__Task material__.

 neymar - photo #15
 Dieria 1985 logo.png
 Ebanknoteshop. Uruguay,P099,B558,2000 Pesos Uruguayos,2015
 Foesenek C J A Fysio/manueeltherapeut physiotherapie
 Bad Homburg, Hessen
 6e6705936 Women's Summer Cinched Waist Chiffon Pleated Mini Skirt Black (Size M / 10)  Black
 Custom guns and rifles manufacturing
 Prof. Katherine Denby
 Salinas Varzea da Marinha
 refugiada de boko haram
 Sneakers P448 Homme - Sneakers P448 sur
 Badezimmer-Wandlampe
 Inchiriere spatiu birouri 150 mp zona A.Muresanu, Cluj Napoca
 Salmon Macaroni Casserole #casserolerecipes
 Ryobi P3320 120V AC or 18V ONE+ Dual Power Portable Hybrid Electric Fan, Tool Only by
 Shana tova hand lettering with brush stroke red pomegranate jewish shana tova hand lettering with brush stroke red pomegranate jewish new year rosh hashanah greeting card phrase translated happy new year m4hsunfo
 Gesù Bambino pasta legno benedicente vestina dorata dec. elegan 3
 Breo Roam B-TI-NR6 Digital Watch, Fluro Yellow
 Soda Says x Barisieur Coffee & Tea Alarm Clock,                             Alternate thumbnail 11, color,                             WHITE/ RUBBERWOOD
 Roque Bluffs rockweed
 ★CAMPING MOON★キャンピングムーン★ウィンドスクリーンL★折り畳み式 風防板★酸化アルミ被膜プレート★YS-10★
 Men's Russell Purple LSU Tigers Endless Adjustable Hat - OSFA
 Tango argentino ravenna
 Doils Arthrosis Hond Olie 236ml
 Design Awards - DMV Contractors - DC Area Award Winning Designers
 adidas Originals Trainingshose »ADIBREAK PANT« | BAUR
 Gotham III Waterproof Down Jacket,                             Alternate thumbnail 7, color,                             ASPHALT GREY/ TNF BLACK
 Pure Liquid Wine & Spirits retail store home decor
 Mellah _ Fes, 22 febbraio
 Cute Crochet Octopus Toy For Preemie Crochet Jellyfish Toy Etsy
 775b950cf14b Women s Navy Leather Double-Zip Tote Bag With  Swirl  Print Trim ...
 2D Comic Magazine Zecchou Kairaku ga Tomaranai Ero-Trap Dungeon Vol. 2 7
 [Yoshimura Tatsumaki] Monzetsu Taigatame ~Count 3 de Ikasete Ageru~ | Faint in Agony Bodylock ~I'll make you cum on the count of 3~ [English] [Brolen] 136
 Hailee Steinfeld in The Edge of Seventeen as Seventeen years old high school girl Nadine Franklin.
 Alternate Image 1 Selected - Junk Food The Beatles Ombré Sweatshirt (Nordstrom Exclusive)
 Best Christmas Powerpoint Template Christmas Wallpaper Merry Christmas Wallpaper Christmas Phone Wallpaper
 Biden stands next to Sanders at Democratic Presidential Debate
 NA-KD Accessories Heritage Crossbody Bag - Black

__About this exercise__. From the line holding "refugiada de boko haram" to the line holding "Ryobi P3320 120V", inclusive, restate each line above exactly as written.

__Output of the task__.
 refugiada de boko haram
 Sneakers P448 Homme - Sneakers P448 sur
 Badezimmer-Wandlampe
 Inchiriere spatiu birouri 150 mp zona A.Muresanu, Cluj Napoca
 Salmon Macaroni Casserole #casserolerecipes
 Ryobi P3320 120V AC or 18V ONE+ Dual Power Portable Hybrid Electric Fan, Tool Only by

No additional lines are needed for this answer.